Ardent Health Partners has a valuation score of 57, which is 32 points higher than the medical care facility industry average of 25. It passed 4 out of 7 valuation due diligence checks.

Ardent Health Partners's stock has dropped -28.66% in the past year. It has overperformed other stocks in the medical care facility industry by 2 percentage points.

2. Biote (NASDAQ:BTMD)


Biote (NASDAQ:BTMD) is the second most undervalued medical care facility stock based on its Valuation Rating of A. Valuation is one of 7 Component Grades used to calculate the overall Zen Rating.

Biote has a valuation score of 29, which is 4 points higher than the medical care facility industry average of 25. It passed 2 out of 7 valuation due diligence checks.

Biote's stock has dropped -48.28% in the past year. It has underperformed other stocks in the medical care facility industry by -18 percentage points.

3. Universal Health Services (NYSE:UHS)


Universal Health Services (NYSE:UHS) is the third most undervalued medical care facility stock based on its Valuation Rating of A. Valuation is one of 7 Component Grades used to calculate the overall Zen Rating.

Universal Health Services has a valuation score of 43, which is 18 points higher than the medical care facility industry average of 25. It passed 3 out of 7 valuation due diligence checks.

Universal Health Services's stock has dropped -20.67% in the past year. It has overperformed other stocks in the medical care facility industry by 10 percentage points.

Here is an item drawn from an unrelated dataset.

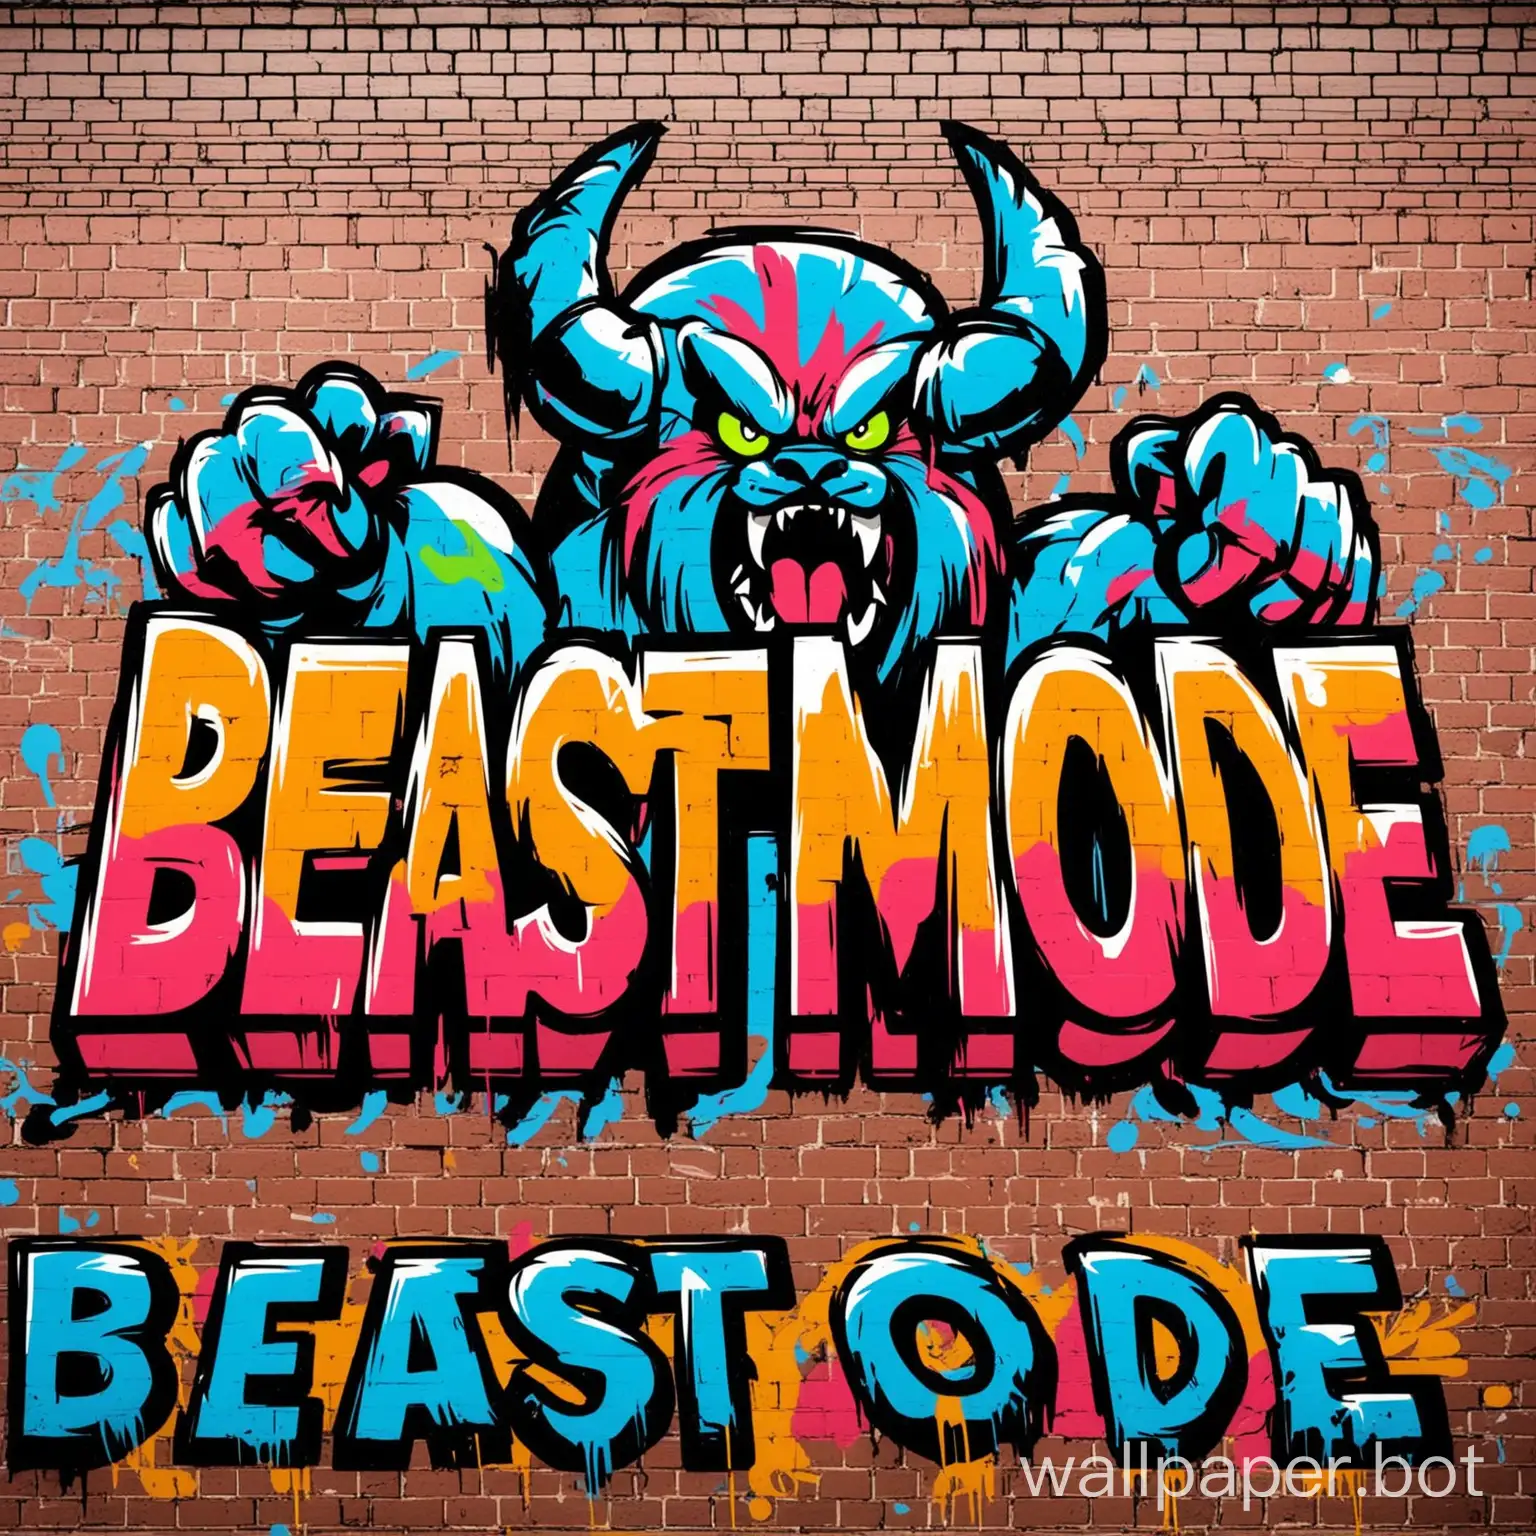 Graffiti-Art-Vibrant-Beast-Mode-Mural-on-Urban-Brick-Wall

Are medical care facility stocks a good buy now?

35.9% of medical care facility stocks rated by analysts are a strong buy right now. On average, analysts expect medical care facility stocks to rise by 17.78% over the next year.

12.5% of medical care facility stocks have a Zen Rating of A (Strong Buy), 30% of medical care facility stocks are rated B (Buy), 47.5% are rated C (Hold), 7.5% are rated D (Sell), and 2.5% are rated F (Strong Sell).

What is the average p/e ratio of the medical care facilities industry?

The average P/E ratio of the medical care facilities industry is 15.91x.
WallStreetZen does not provide financial advice and does not issue recommendations or offers to buy stock or sell any security.

Information is provided 'as-is' and solely for informational purposes and is not advice. WallStreetZen does not bear any responsibility for any losses or damage that may occur as a result of reliance on this data.